Kehidupan penuh kebahagiaan, tak pernah ada pertengkaran besar di dalam rumah tangga mereka. Itulah yang dilihat banyak orang luar padahal pertengkaran kecil sering terjadi karena Satria memang mudah marah dan jika sang suami marah, Shafira selalu merendah dan diam membuat masalah cepat terselesaikan.
Pertengkaran dalam rumah tangga adalah hal yang biasa terjadi, tergantung bagaimana kita menyikapi semua masalah yang datang.
"Jangan terlarut dalam masalah. Jika bisa, masalah besar dikecilkan dan masalah kecil dihilangkan".
Itulah ucapan Satria yang selalu diingat Shafira.
Esok hari.
Rutinitas pagi hari adalah menyiapkan sarapan untuk keluarga tercinta.
Shafira sudah bangun sejak pukul 04.00 pagi hari, masak dengan penuh cinta berharap sang suami betah tinggal di rumah dan kebutuhan gizi anak anaknya terpenuhi. Shafira sering mengikuti pengajian agama, sedikit banyak dia mengetahui tentang adab seorang istri sholehah terhadap suami.
Karena sejatinya kebahagiaan rumah tangga tercipta dari bagaimana kedua insan itu berkolaborasi memberi kebahagiaan, rasa nyaman dan komunikasi yang baik akan tumbuh ketentraman di dalam keluarga itu sendiri. Hal inilah yang dijadikan prinsip hidup berumah tangga oleh Shafira.
Satria biasa berangkat kerja siang hari ke Perusahaan. Dia menjadi salah satu konselor kepercayaan di Perusahaan terbesar di Jakarta namun dia tak terpaku pada Perusahaan tersebut. Lebih tepatnya Perusahaan tersebut membutuhkan jasanya hanya untuk konsultasi beberapa masalah Perusahaan.
Satria sering berada di rumah bersama anak dan istri.
"Mira, Mila, ayo kita sarapan?" ucap Shafira memanggil kedua anaknya.
Mereka datang dan duduk berdampingan.
"Ma, hari ini diantar sekolah siapa?"
Shafira memandang Mira yang bertanya dengan polosnya.
"Ya diantar Mama sayang," jawab Shafira sambil menyuguhkan sepiring nasi plus telur ceplok kesukaan Mira.
"Tapi Ma?" keluh Mira.
"Sssttt, sudah jangan bicara lagi dan makan."
'Aku kasihan sama Mama, perutnya sudah besar tapi harus mengantar jemput aku dan adik,' keluh Mira di dalam hatinya.
Mira kesal bukan main pada ayahnya yang masih tidur saat ini.
Seharusnya Satria yang mengantar mereka karena Shafira sedang hamil tua.
Meskipun sering di rumah, Satria tak pernah mengantar jemput sekolah anak anaknya. Shafira lah yang selalu mengantar jemput sekolah kedua anaknya. Dimana Anak pertama bernama Mira, kelas 6 SD. Anak kedua bernama Mila, TK B.
Semua dilakukan Shafira sendiri, mengantar jemput kedua anaknya meski dia sedang hamil tua.

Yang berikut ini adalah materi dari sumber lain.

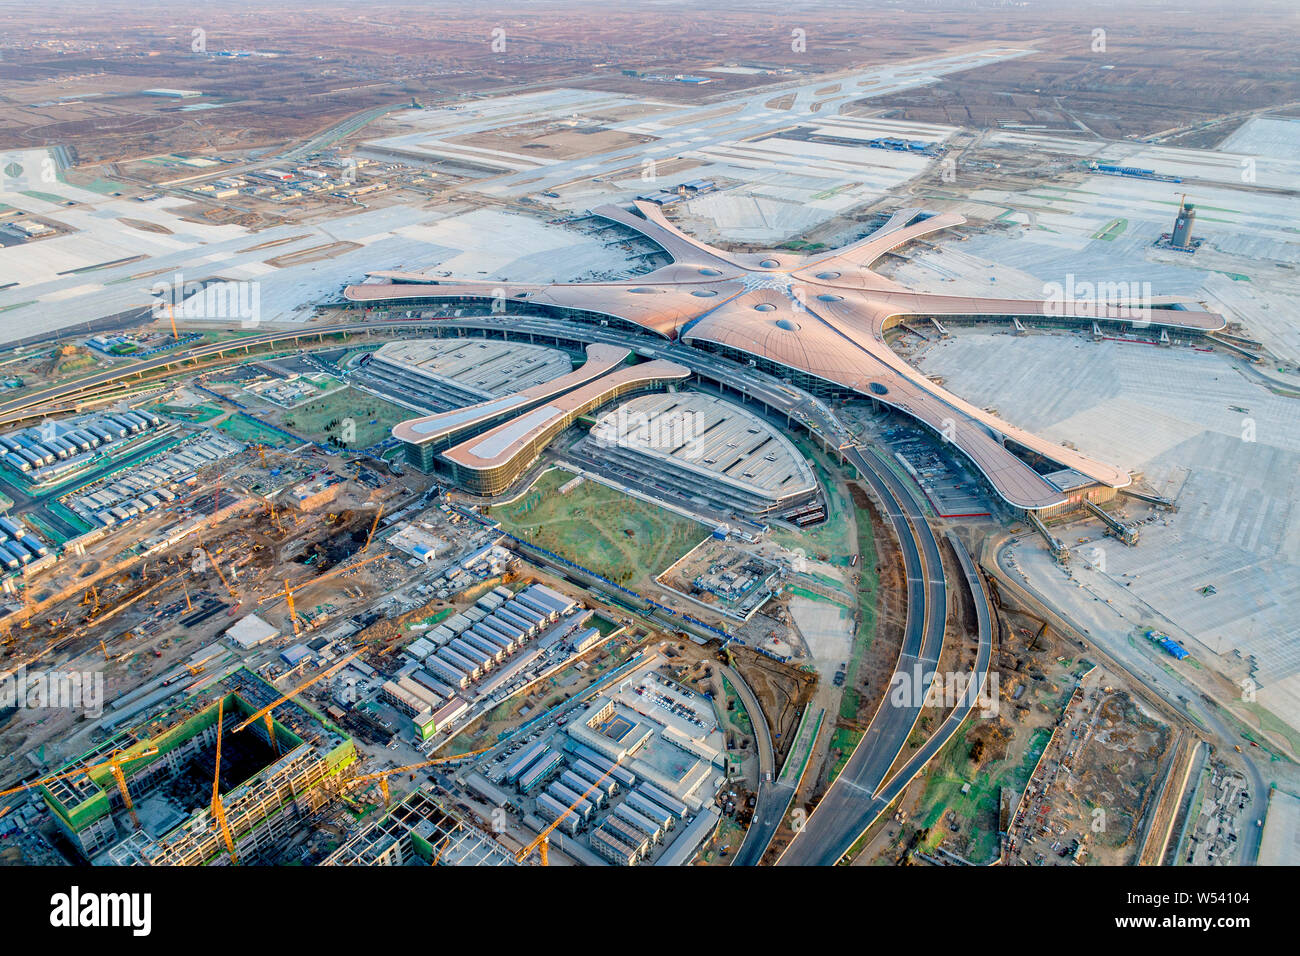 Самый большой сток. Аэропорт Пекин Дасин. Пекин Дасин, Международный аэропорт, Китай. Самый большой аэропорт Китая Дасин. Аэропорт Пекин Дасин стройка.

Saat mengantar mengaji ke TPQ dengan jarak 2 kilometer dari rumah, Shafira dengan menahan sakit mengantar kedua anaknya
Hal itu dilakukan Shafira demi masa depan anak anaknya. Jika bukan dia lalu siapa yang melakukannya?
Mengingat sang suami yang kurang tanggap terhadap prioritas anak anaknya.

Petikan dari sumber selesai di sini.